Done. Traditional fantasy sports, when it was gambling, was not worthy of enforcement action. Finally, that thing about the State of New York having waited too long …
With respect to what the Defendant is saying isn't their laches or estoppel argument, a few more words. The Defendants want an allowance because they have been operating for a period of time. This sounds a lot like estoppel. Laches and estoppel do not apply to enforcement actions and with good reason, because every person or entity engaged in a legal or improper activity could use the duration of their criminal enterprise as a defense. And we cite cases regarding this in our brief. (emphasis added).
Done, done, and done.
Just one day before Thanksgiving, it seemed like the turkeys were not the only ones being cooked. Things were really not looking up for DFS.
December 3, 2015.
Somewhat surprisingly, the initial commentary by many lawyers did not touch on the ‘future contingent event’ language at all. Even the New York Attorney General himself didn’t really elaborate on it in his original cease-and-desist letter, perhaps as a matter of strategy. In addition, the term ‘future contingent event’ did not appear when DraftKings and FanDuel responded with lawsuits of their own, not even once.

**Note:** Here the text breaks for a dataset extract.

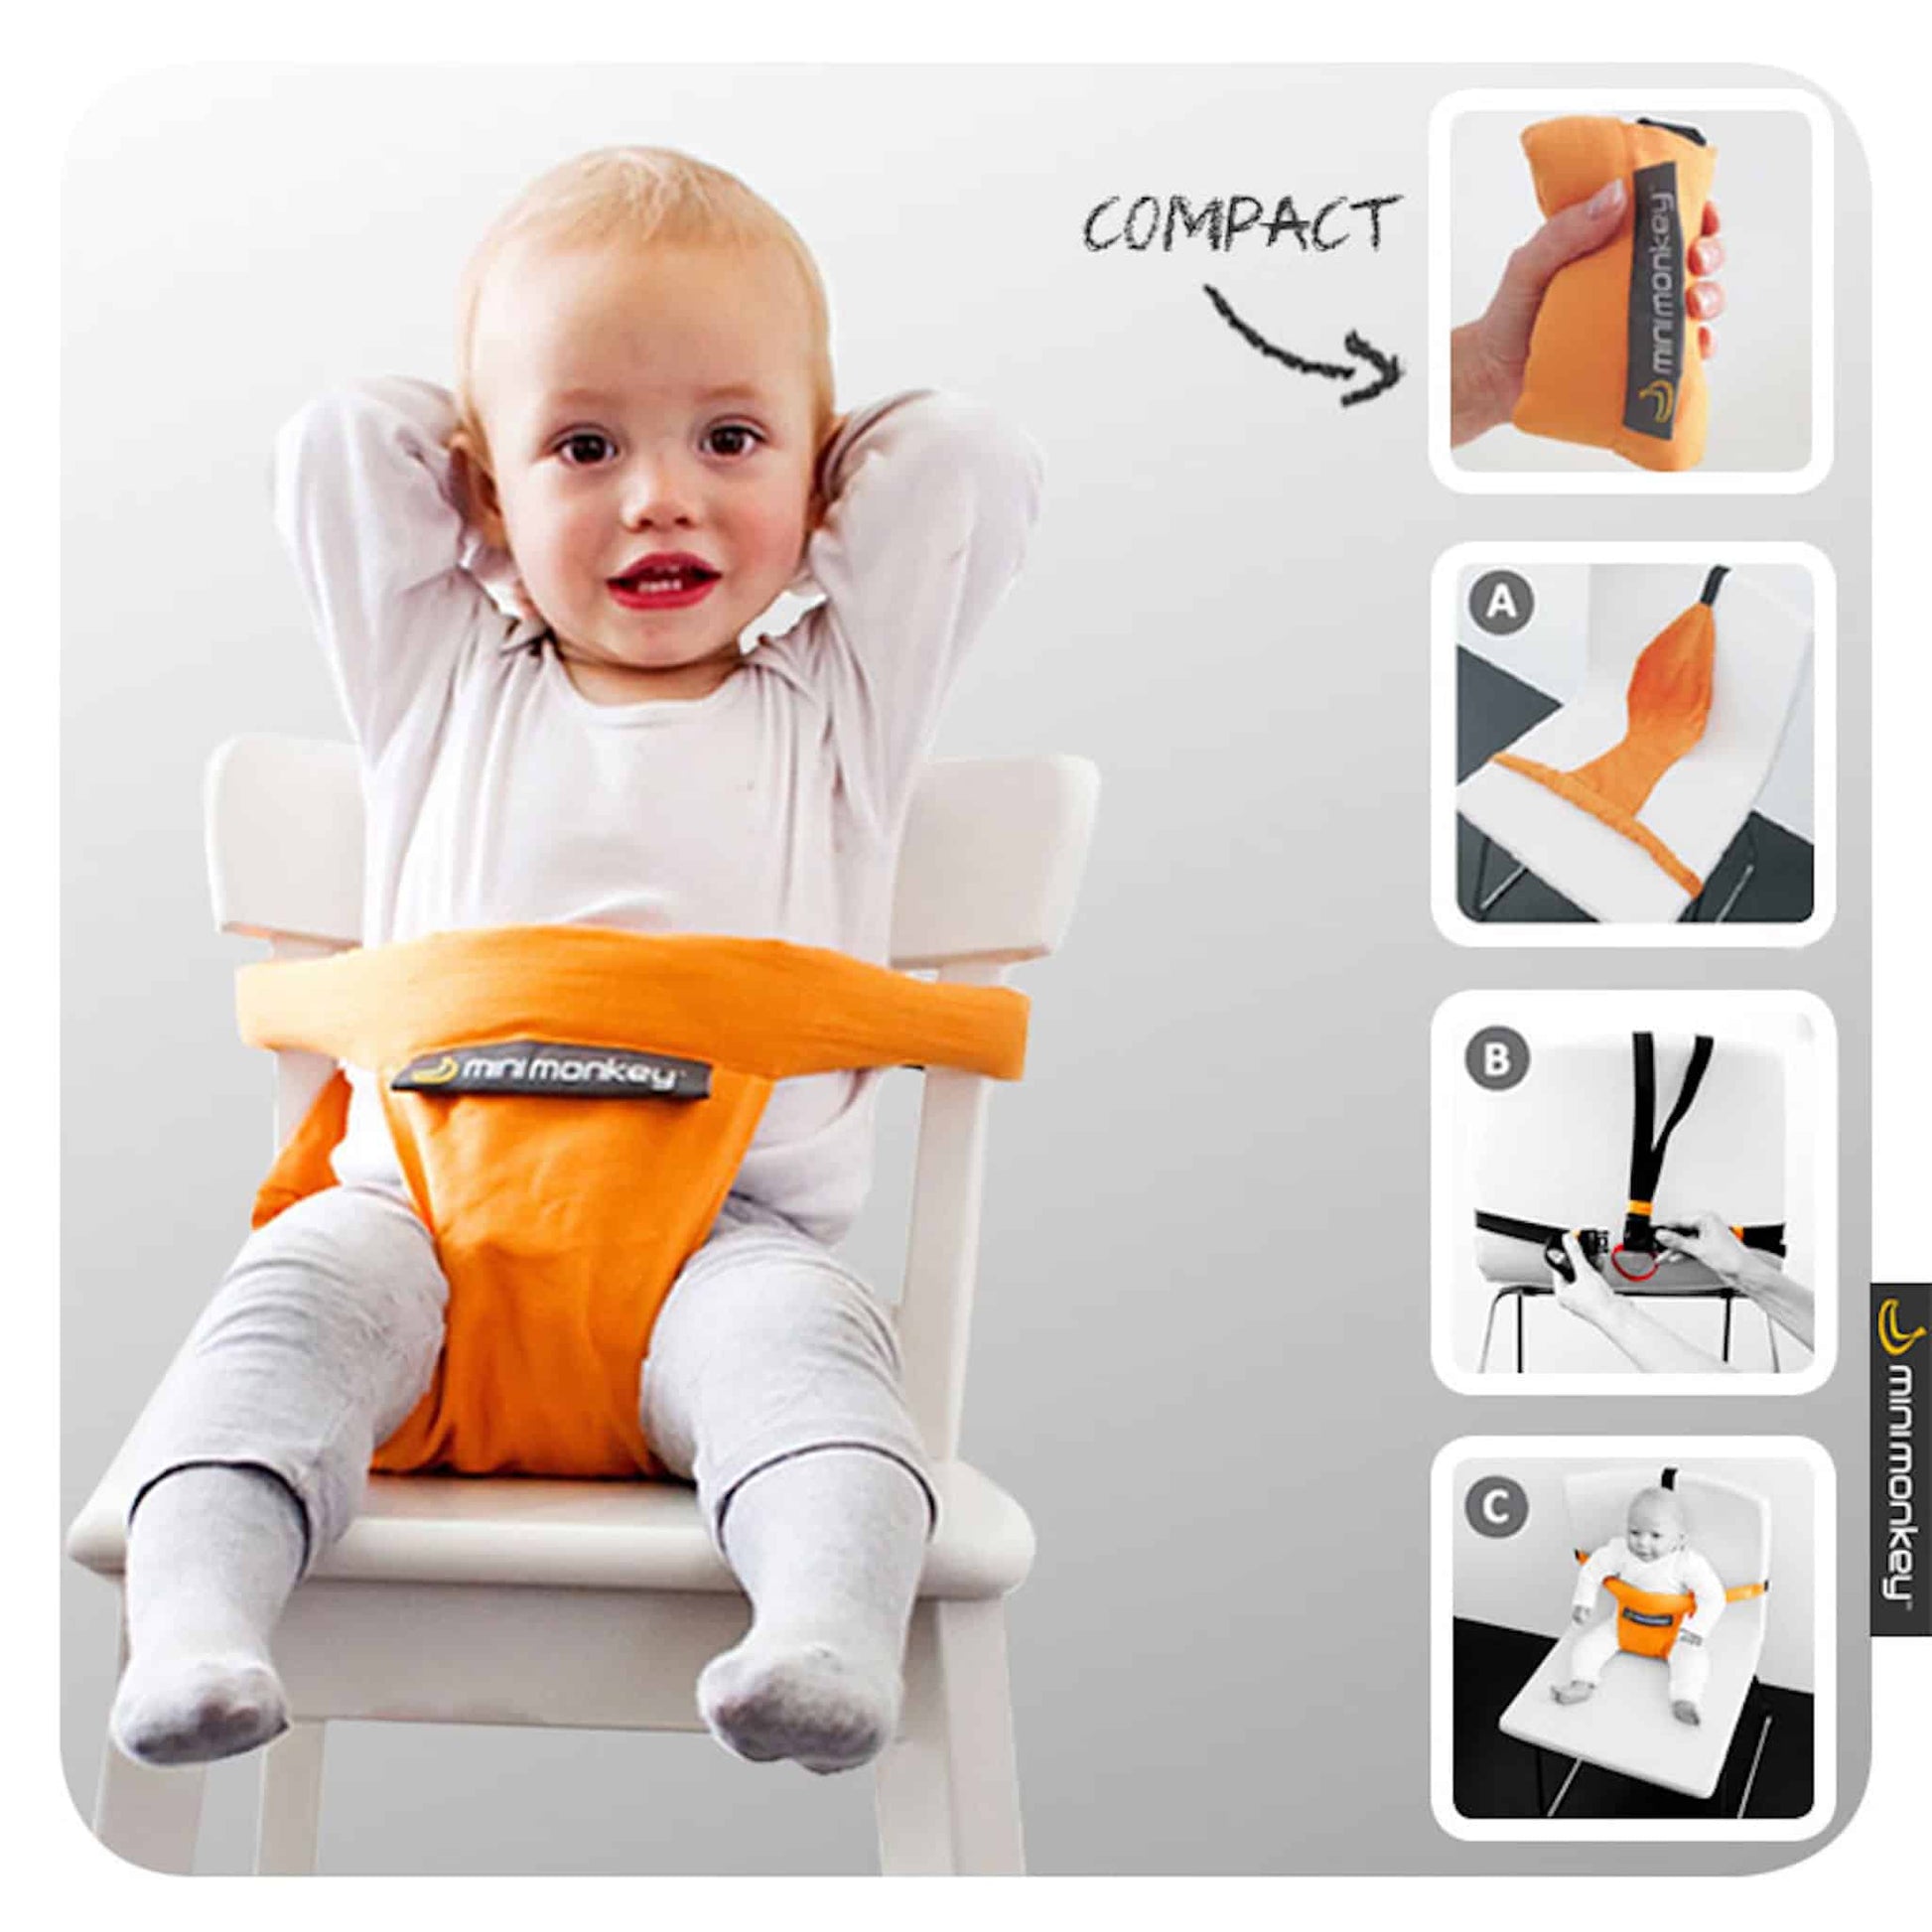 Minimonkey Mini Chair Instructions

But with the oral arguments just before Thanksgiving, we were beginning to see a shift in focus. As we covered in Part II, the future contingent event argument was now officially the State’s leading argument. Our amicus brief (PDF) explains why. DFS is not, and has never been a game. It is a claim on future contingent events, namely athlete performances; skill is entirely irrelevant.
In any event, the legal thinking was catching up to our position. Daniel Wallach published an article on Legal Sports Report and basically said what we said in our piece that was turned down by Legal Sports Report just 10 days ago. The title of his article: New York Daily Fantasy Sports Court Case May Hinge on Meaning Of ‘Future Contingent Event’.
December 11, 2015.
Decision time for the Supreme Court of the State of New York …
Judge Mendez issued his opinion (PDF) and ordered an injunction. Barely two months have passed since the New York Times ran its bombshell article about the Haskell scandal, and DFS appeared to be packing up. Somehow, the DFS industry managed to secure a stay, however, so they were still in business while the case was being appealed. A showdown was coming, or so we thought.
It may not have been obvious at the time but there was one silver lining in the opinion for DFS. Despite the future contingent event argument being the State’s lead argument just a couple of weeks ago, that critical phrase was mentioned only once in the opinion, and that was when the Penal Law was presented. Whether it was the people protesting in front of Schneiderman’s office a month ago or the industry relentlessly advancing the game-of-skill narrative, the DFS industry appeared to have turned this whole debate into a false referendum between the game-of-skill and game-of-chance arguments. That, ultimately, is why White v. Cuomo happened in the first place.
Give credit to the DFS industry for tricking everybody into thinking DFS is a game. The result? We have been applying the wrong test to DFS all along. Everybody was taking the blue pill.
We all have to snap out of the illusion that DFS is a game in order to apply the laws properly.